Questo riguarda anche la scelta della destinazione, che deve essere fatta in modo ragionevole come viene ricordato espressamente dall’inail e dal protocollo sul lavoro agile” ha continuato Gava. E per quanto riguarda l’assicurazione sugli infortuni “chiunque lavori fuori dai locali aziendali deve esserne in possesso, mentre non c’è obbligo di legge su assicurazioni integrative, per esempio ai familiari. Questo non significa d’altro canto che il workation non si possa inserire come benefit nel welfare aziendale ed essere regolamentato in tal senso” ha concluso Gava.
Sostenibilità e workation
La ricerca indaga il workation anche dal punto di vista, molto attuale, della sostenibilità. Il 70% dei rispondenti sostiene che fare workation sia più sostenibile, mentre solo il 28% pensa che possa incidere sulla riduzione delle emissioni di CO2 e il 36% riconosce al workation il merito di aumentare le presenze in ambito rurale. “La sostenibilità del workation deve essere vista in un contesto ampio. È evidente che dal punto di vista ambientale, se per esempio da un lato consumo meno carburante per andare in ufficio, dall’altro avrò molte più abitazioni da riscaldare. La percezione del workation come scelta green è quindi da contestualizzare in modo più articolato” ha specificato Riccardo Ricci.
“Il valore aggiunto del workation non è quello di premio da dare ai più bravi, ma di scelta consapevole.
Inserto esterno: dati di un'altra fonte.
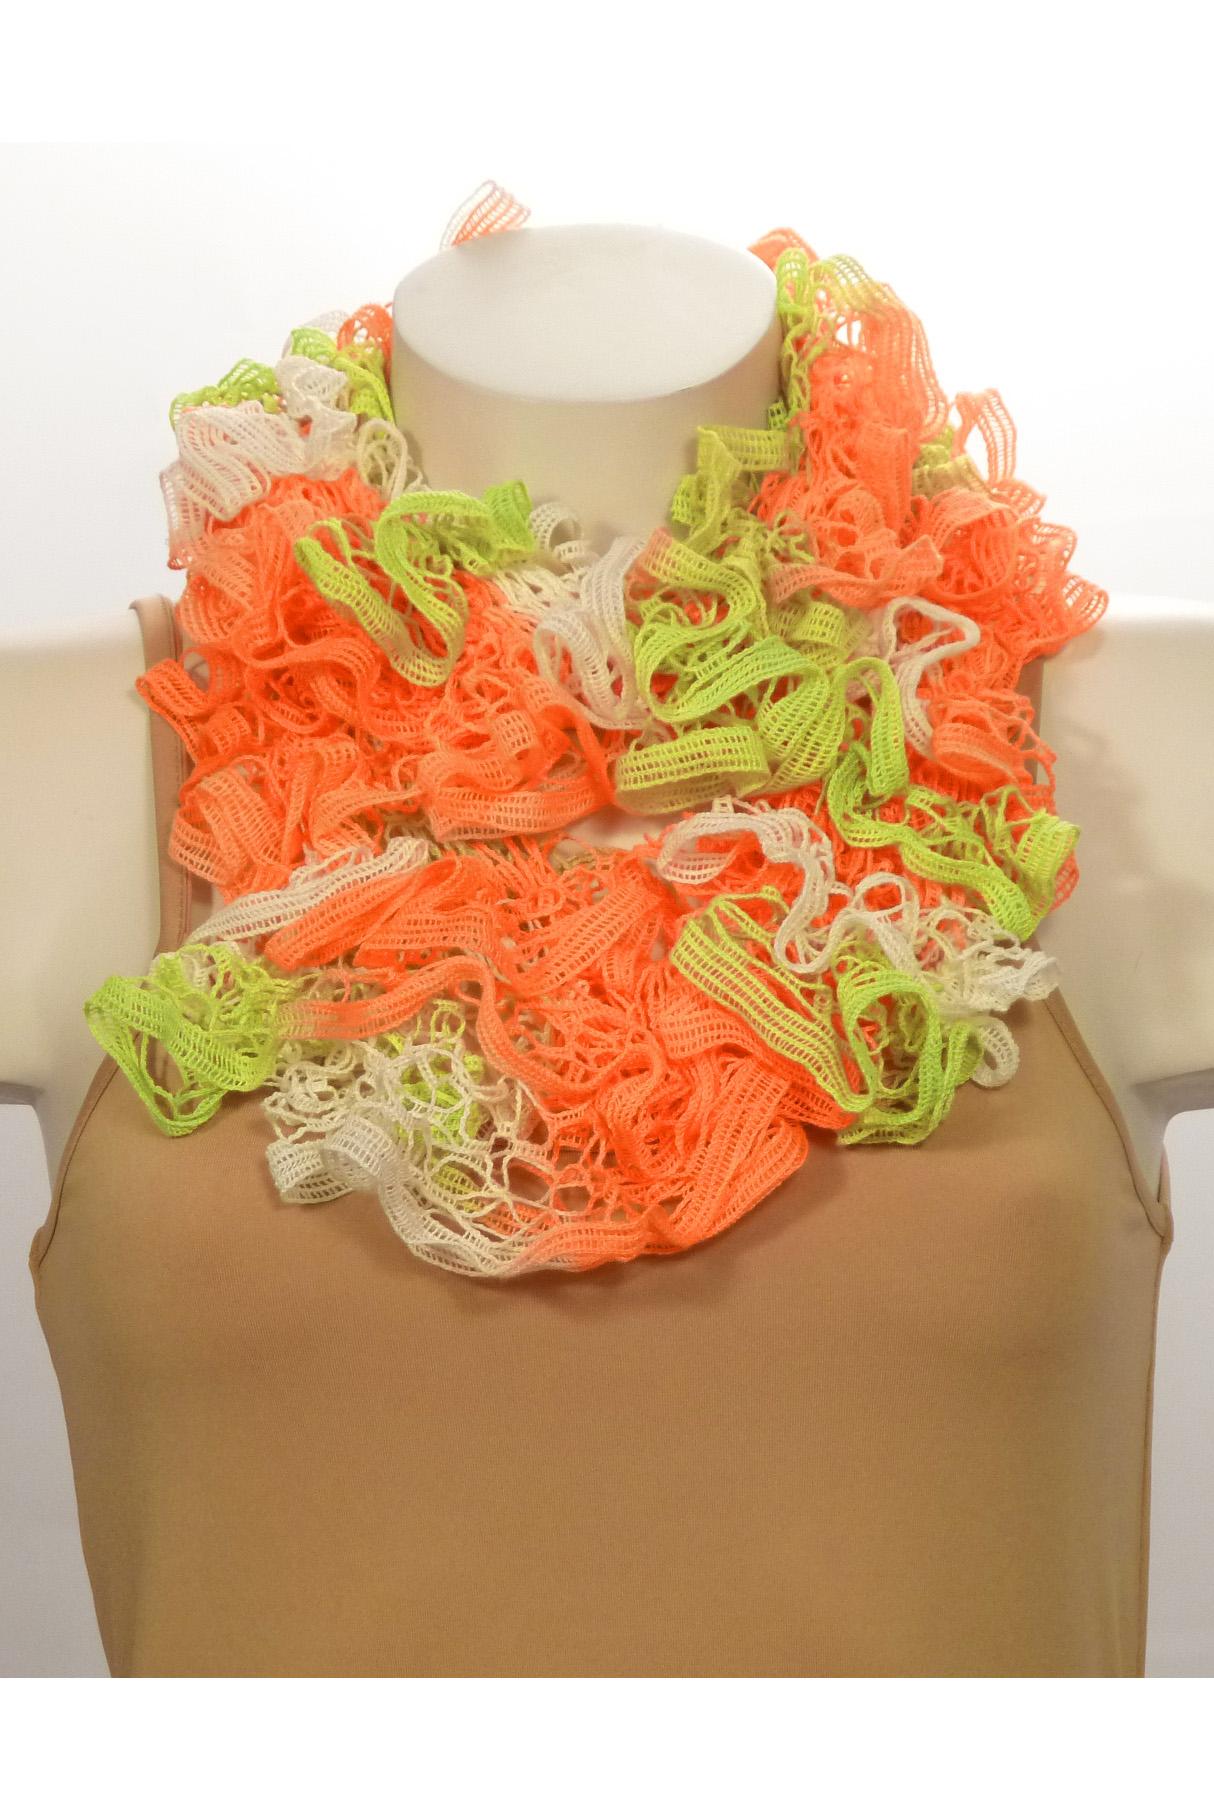 ШарфШарфы<br>Вязанный шарф придаст вашему образу романтичности. Этот удобный длинный кружевной шарф вяжут оригинальным узором,  который позволяет создать эффектные воланы.  Длина шарфа 1,5 метра.  В изделии использованы цвета: оранжевый, салатовый и др.<br><br>По сезону: Зима<br>Размер : UNI<br>Материал: Вязаное полотно<br>Количество в наличии: 2

Per esempio, può diventare una soluzione utile per permettere ai lavoratori di trascorrere il periodo estivo, quando anche i bambini sono a casa da scuola, in una località di villeggiatura che però abbia tutti i servizi necessari per il lavoro e la famiglia. In questo senso ci sarebbe una vera evoluzione dell’organizzazione del lavoro a vantaggio sia dell’azienda che del lavoratore” ha precisato Ricci.
Infine, la sostenibilità del workation può essere vista nell’ottica dei goal dell’agenda 2030 per lo sviluppo sostenibile. “Penso in particolare ad alcuni, come il goal 3, ossia garantire salute e benessere alle persone di tutte le età, così come l’obiettivo 12, garantire modelli di produzione e consumo sostenibili, e tanti altri” ha concluso Ricci.